O amor não é amado, mas amante. (204c)

Que proveito tem, então o Amor. No Amor não buscam os homens sua “metade”, como disse Aristófanes, mas o próprio bem, que é algo de que são carentes.

Mas em que consiste a atividade que se chama amor? Responde Diotima: em conceber, dar a luz, e mais propriamente, dar a luz ao que é belo. O amor não é amor do belo, mas da geração no belo. Sendo a geração, para os homens, a forma possível de imortalidade, o Amor é amor da imortalidade. “a natureza mortal procura, na medida do possível, ser sempre e ficar imortal” (207d)

Assim, o amor pelas mulheres é suscitado naqueles que estão fecundados no corpo. Mas essa relação já não tem o caráter negativo que Pausânias lhe dera, pois, também aí, o que deseja e alcança o homem é a imortalidade, através da procriação. (208e)

Por outro lado, os que estão fecundados na alma e deve conceber mais na alma do que no corpo, assim o fazem: todas as criações artísticas são manifestamente suscitadas por esse Amor. Daí confirmar-se o que dizia Agatão nesse sentido. Este Amor também se volta para os corpos belos, pois, devendo gerar no que é belo, tomará o cidadão ainda não formado inteiramente para educá-lo.

Não há diversos tipos de Amor, como Pausânias e Eurixímaco defenderam, mas somente uma multiplicidade de graus, manifestações diversas do mesmo princípio: começa pro ser amor aos belos corpos, gerando belos discursos, e, ademais de preferência a um só corpo (o uno é superior ao múltiplo); descobre depois que una é a própria beleza, faz-se amante de todos os belos corpos e abandona a violência do amor por um só; depois considera a beleza na alma superior ao do corpo; já depois, é capaz de contemplar o belo nos ofícios e nas leis; depois dos ofícios passa às ciências; dedica-se por fim à ciência cujo objeto é o belo em si. Esse caminho, por graus, define a própria dialética platônica, que através dos simulacros, chega enfim à contemplação dos Valores em si mesmos.

Discurso de Alcibíades


A Ciência Perfeita, contemplação muda da Forma, no caso do Belo, não é, contudo, o último estágio da dialética platônica.
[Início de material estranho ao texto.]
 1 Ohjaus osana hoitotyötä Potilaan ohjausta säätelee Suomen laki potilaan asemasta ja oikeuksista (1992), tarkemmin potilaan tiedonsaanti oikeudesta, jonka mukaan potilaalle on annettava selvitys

O Sábio, que a tal chegou, necessita retornar para o reino dos simulacros, para conduzir os outros homens, presos às sombras, para “fora da caverna”, como se pode entender pela Alegoria da Caverna (República, VII).
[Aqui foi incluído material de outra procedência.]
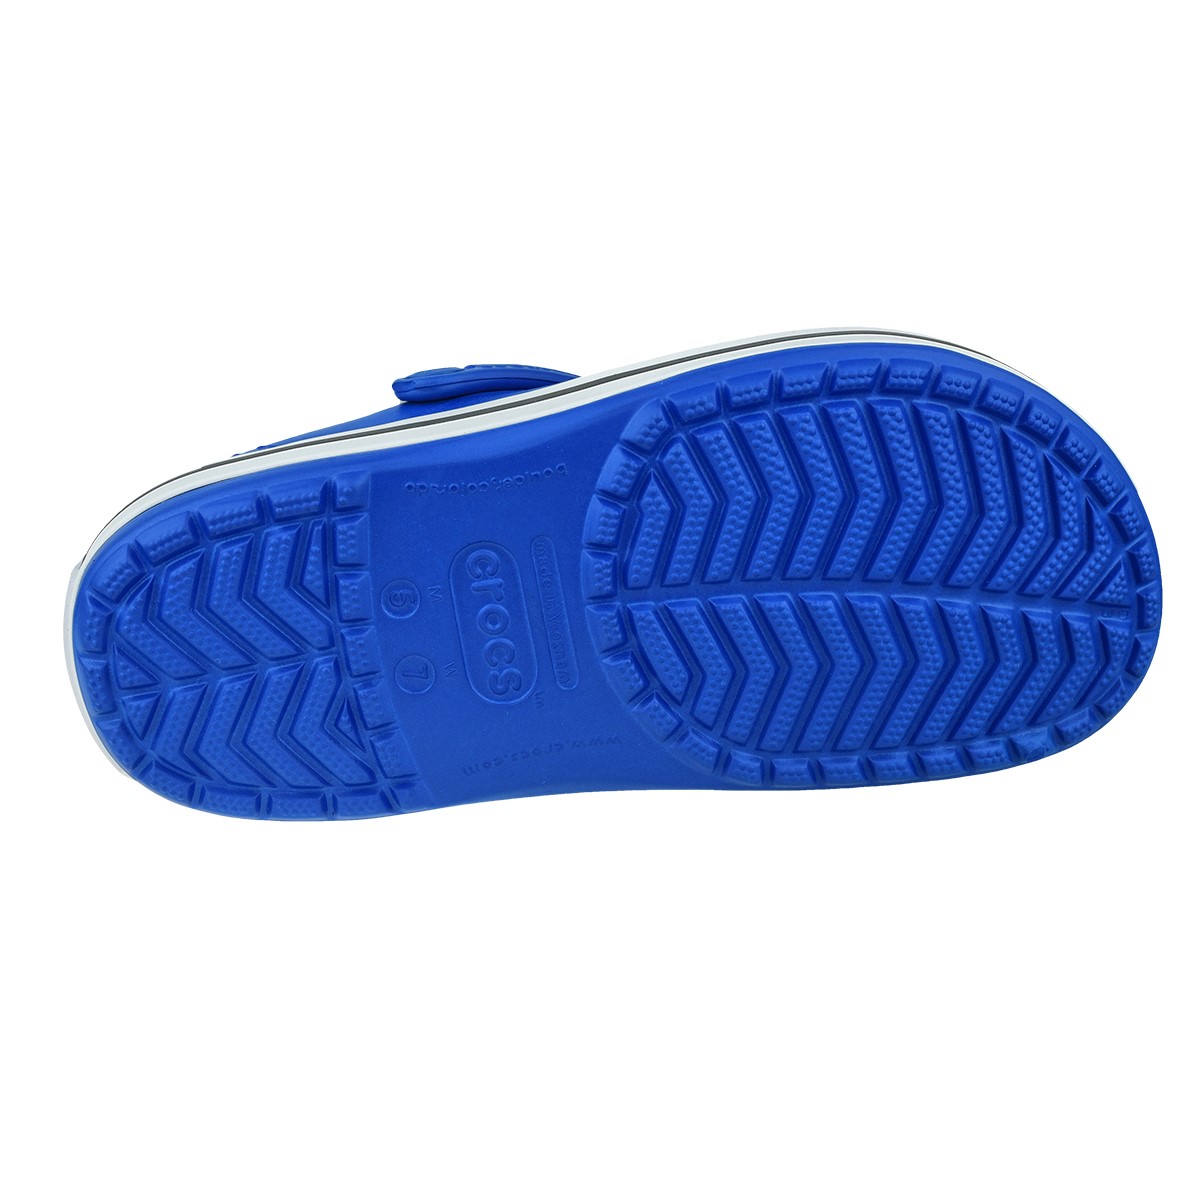 Crocs Unisex Sandalet 11016 Bright Cobalt/Charcoal

Gustave Doré. Alcibíades chega à casa de Agatão.


O Amor que Alcibíades confessa a Sócrates personifica o Amor de que Pausânias fez apologia. Retornamos, assim, ao princípio do Simpósio. Esse retorno serve como uma refutação personificada à tese de Pausânias. Alcibíades, incapaz de compreender os graus do Amor, acusa Sócrates de inverter as posições naturais: “fazendo-se de amoroso, enquanto é antes na posição de bem amado que ele mesmo fica, em vez de amante” (222b).

Tal acusação, porém, só revela a incompreensão de Alcibíades do que seja o Amor e, confirma, por seu ridículo, a tese de Sócrates.  

3. A doutrina erótica de Platão

Do lado do amante, a erótica visa responder duas questões: a quem se deve amar e como se deve amar. Como se viu claramente, Sócrates não divide o Eros em dois, como fizera Pausânias, mas faz com que ele ocupe um lugar indeterminado, a princípio. É o mesmo Eros que preside qualquer relação, pois o modo de ser da relação não é determinado pela natureza de Eros que é sempre a mesma, mas pelo grau de perfeição do objeto.

É importante ver que a doutrina platônica não está inteiramente nas palavras de Sócrates, mas como que se serve de todos os discursos. Em primeiro lugar, porque cada desvio introduzido, funciona como um degrau em direção à verdadeira doutrina, introduzindo um elemento de verdade que, contudo, está mal articulado. Todos os discursos são deficiente – eis porque cada convidado por discordar do outro -, mas cada um, na razão de sua discordância, introduz um novo aspecto do Amor de que só o discurso de Sócrates, ou melhor, a doutrina de Diotima, poderá dar conta.

Resumamos do seguinte modo os elementos de verdade e as deficiências:

1.  Fedro: O amor é benéfico.
2.  Pausânias: Nem todo amor é benéfico (ref.). Amor → relação amorosa; logo, como nem toda relação é bela, nem todo amor é belo.
3.  Eurixímaco: Mesmo sendo duplo, os contrários perfazem uma harmonia (ref.). Cada tipo de Amor tem sua própria razão, o mal vem somente do excesso.
4.  Aristófanes: O amor não é duplo, mas uno (ref.). Não se pode falar de excesso e moderação diante do exemplo dos que morreriam de inércia por continuamente amar. Os limites do amor são dados pela própria natureza: a reprodução e a satisfação.
5.  Agatão: Conserva-se a unicidade. Mas o Amor não se esgota do ato (ref.). Antes, suscita virtudes porque é cheio de virtudes.
6.  Sócrates: O Amor suscita virtudes, não porque seja cheio de virtudes, mas justamente porque elas lhe faltam (ref.). É um princípio (uno) que conduz, através do múltiplo, à unicidade dos Valores.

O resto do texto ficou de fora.